Верней, не в морге – возле его дверей. Возле дверей морга больницы номер 18-А.
Сама пришла к моргу, позаботясь о том, чтобы с ней после смерти было меньше возни.
Молодая женщина, на вид 25–30 лет. Без документов. Одета в синие джинсы, черную куртку и черный свитер. Всех, кто знает эту женщину, просьба сообщить по телефону…
Вот ее портрет крупным планом.
Здесь-то меня и затрясло, и Валерий утащил меня к моему дивану.
Позвонил межгород. Женский голос попросил Валерия.
По акценту несложно было догадаться, что звонят из Эстонии. Взяв трубку, мой друг пришел в сильное волнение. «Ряд волшебных изменений милого лица»

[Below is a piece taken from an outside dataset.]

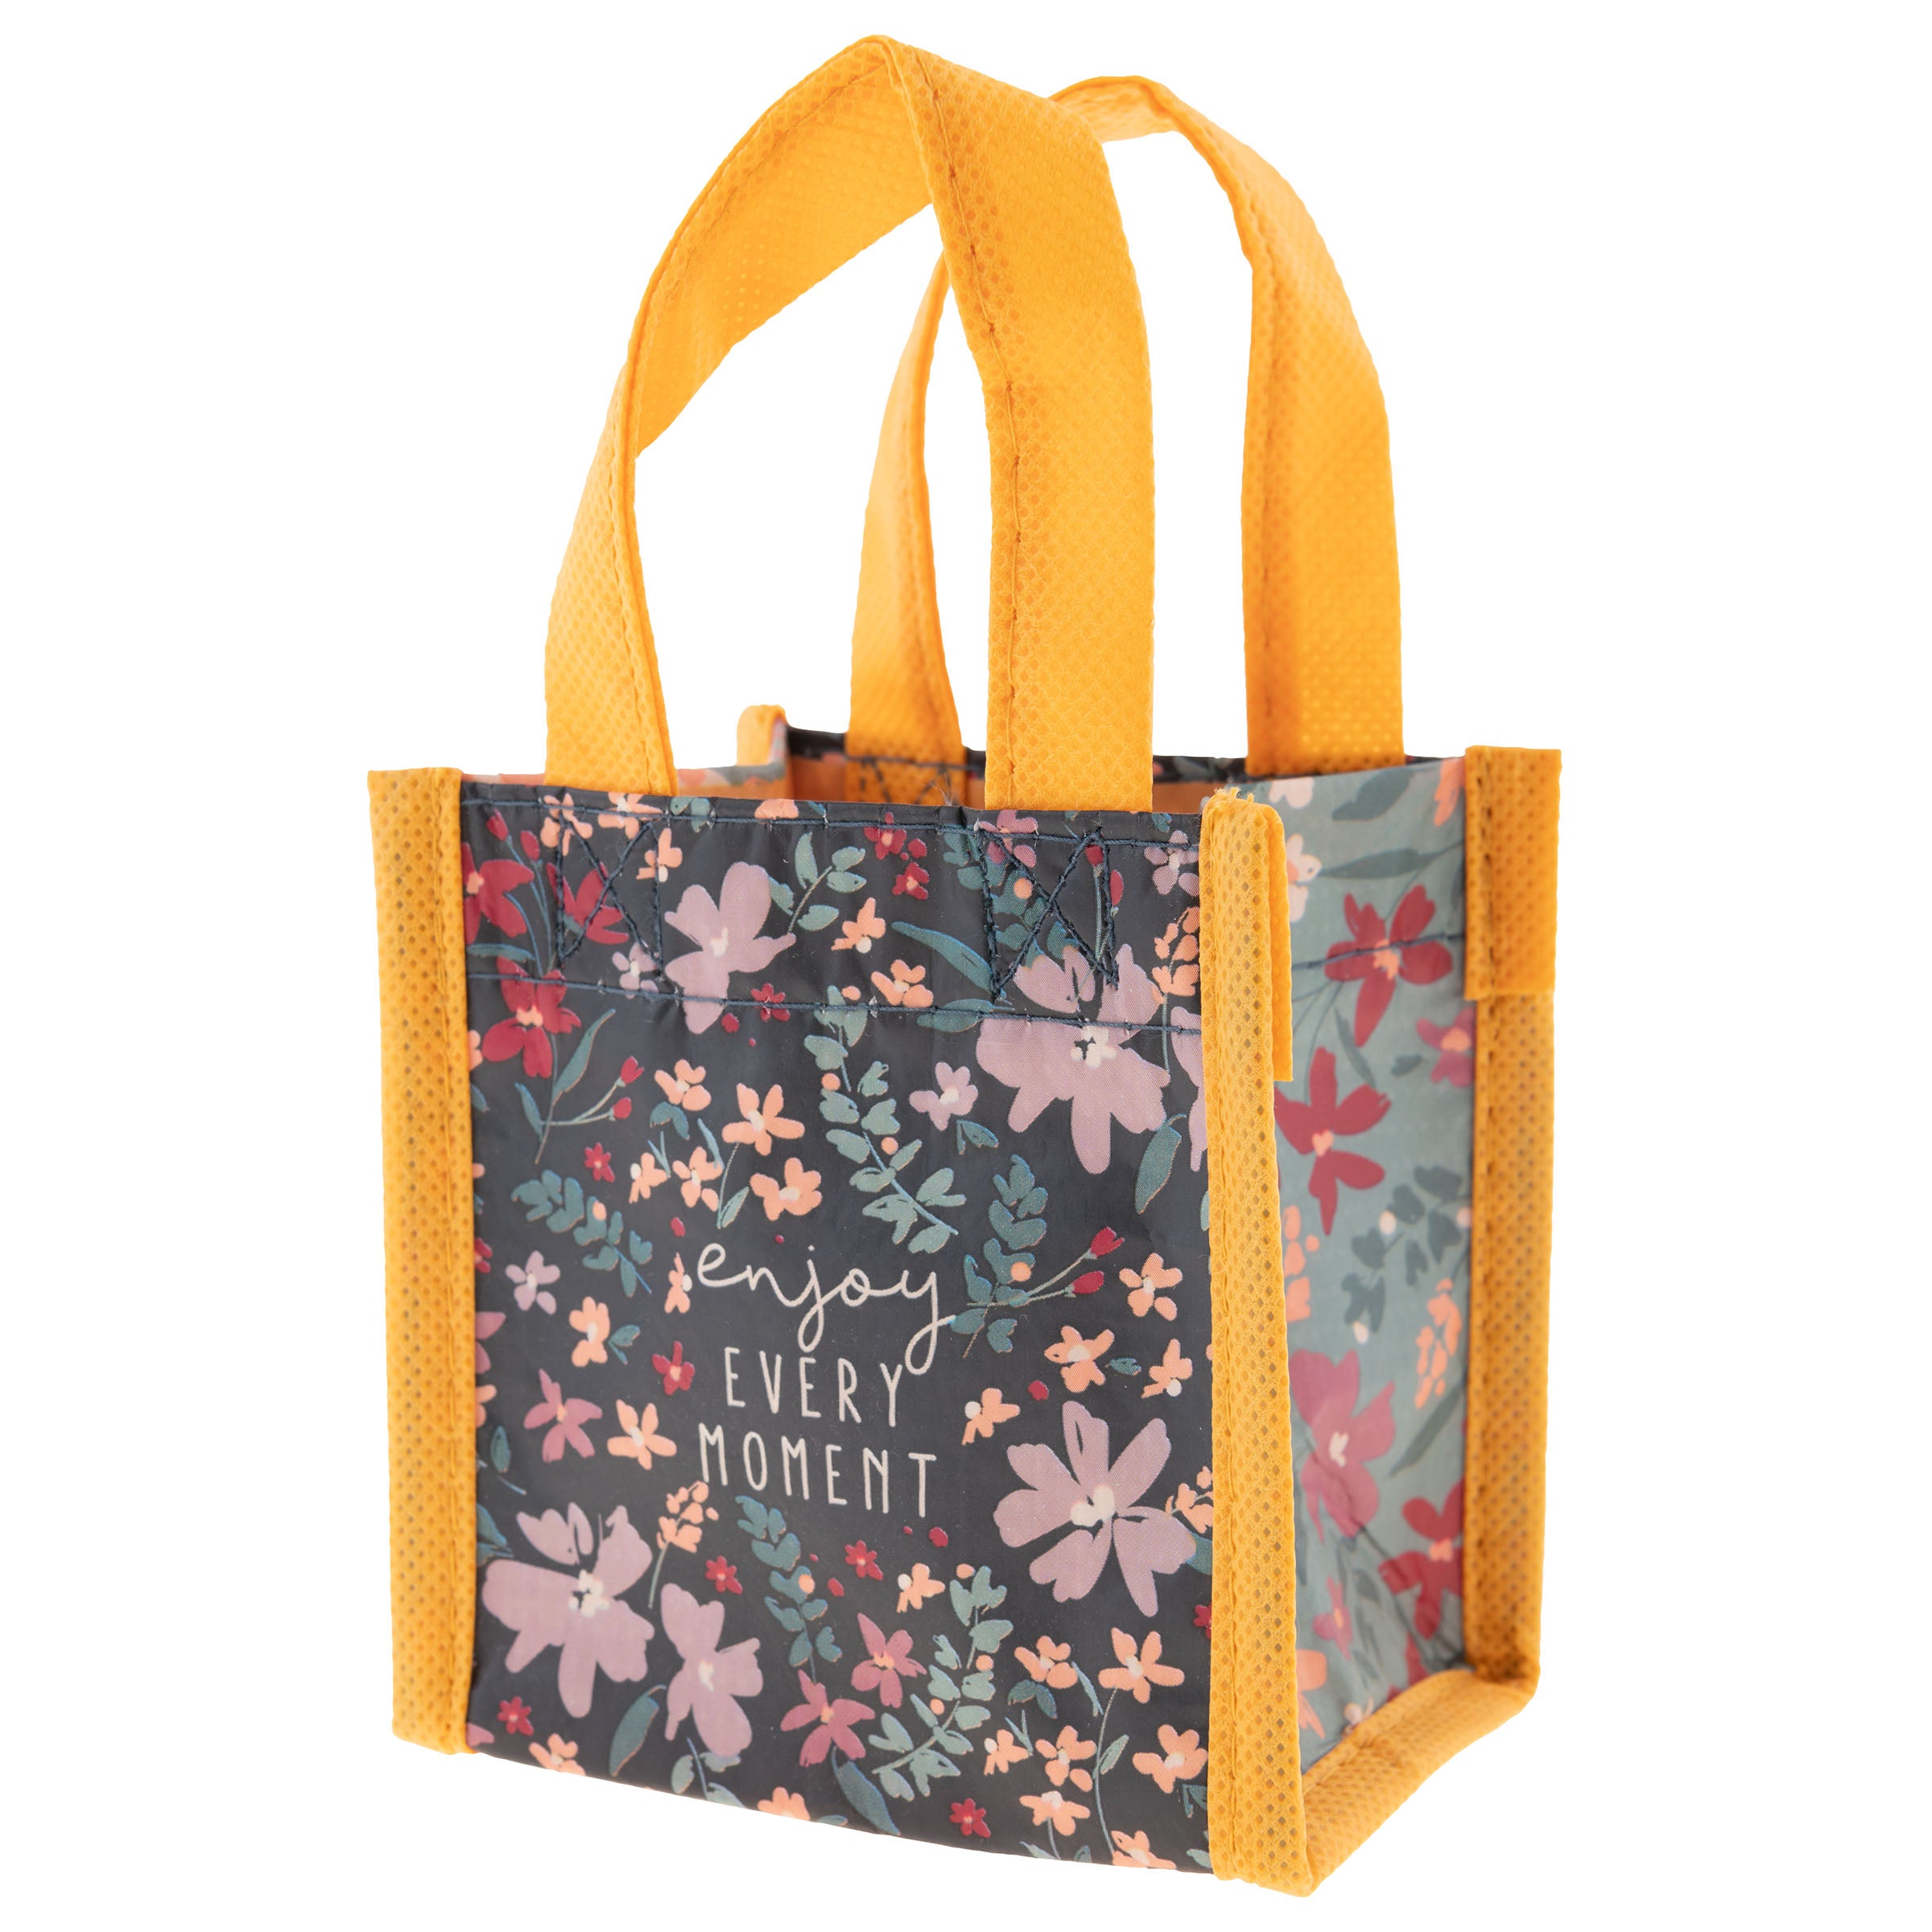 Flower Illustration Canvas Tote Bag (Yellow / Blue / Olive

– так, кажется, сказал поэт. Валерий то улыбался, то хмурился, то растерянно хлопал ресницами. Я счел за должное удалиться в свою комнату, хоть все равно не понимал ни слова: говорили по-эстонски. У меня имелось занятие, достойное отважного сыщика: заполнение налоговой декларации. Не так уж трудно было догадаться, кто вызвал смятение в душе мужественного директора сыскного агентства «Луч». Первая любовь, такая счастливая в детстве и такая трагическая в отрочестве и юности, напомнила о себе снежным московским вечером в день католического и лютеранского Рождества. Я ни разу не видел женщины с красивым именем Анна-Мария, ни разу не слышал ее голоса, но моментально «навел резкость». Все-таки странно, что он так разволновался. Странно, странно. Анна-Мария – это такое далекое прошлое! С тех пор все поменялось: люди, семьи, государственный строй. С тех пор у Валерия была Лика, и не стало Лики. С тех пор у меня была Ева, и не стало Евы. Но не обо мне, не обо мне речь, не обо мне… Я отложил налоговую декларацию и отправился на кухню. Достал из холодильника шампанское, шоколад, яблоки и мандарины. С детства Валерий привык отмечать 25 декабря Рождество Христово, вот я и приготовил ему маленький сюрприз. Подносик красочный тоже купил заранее в «Тысяче мелочей». И свечку толстую. Водрузил все великолепие на поднос и вплыл в комнату с самым торжественным видом.
Ознакомительная версия.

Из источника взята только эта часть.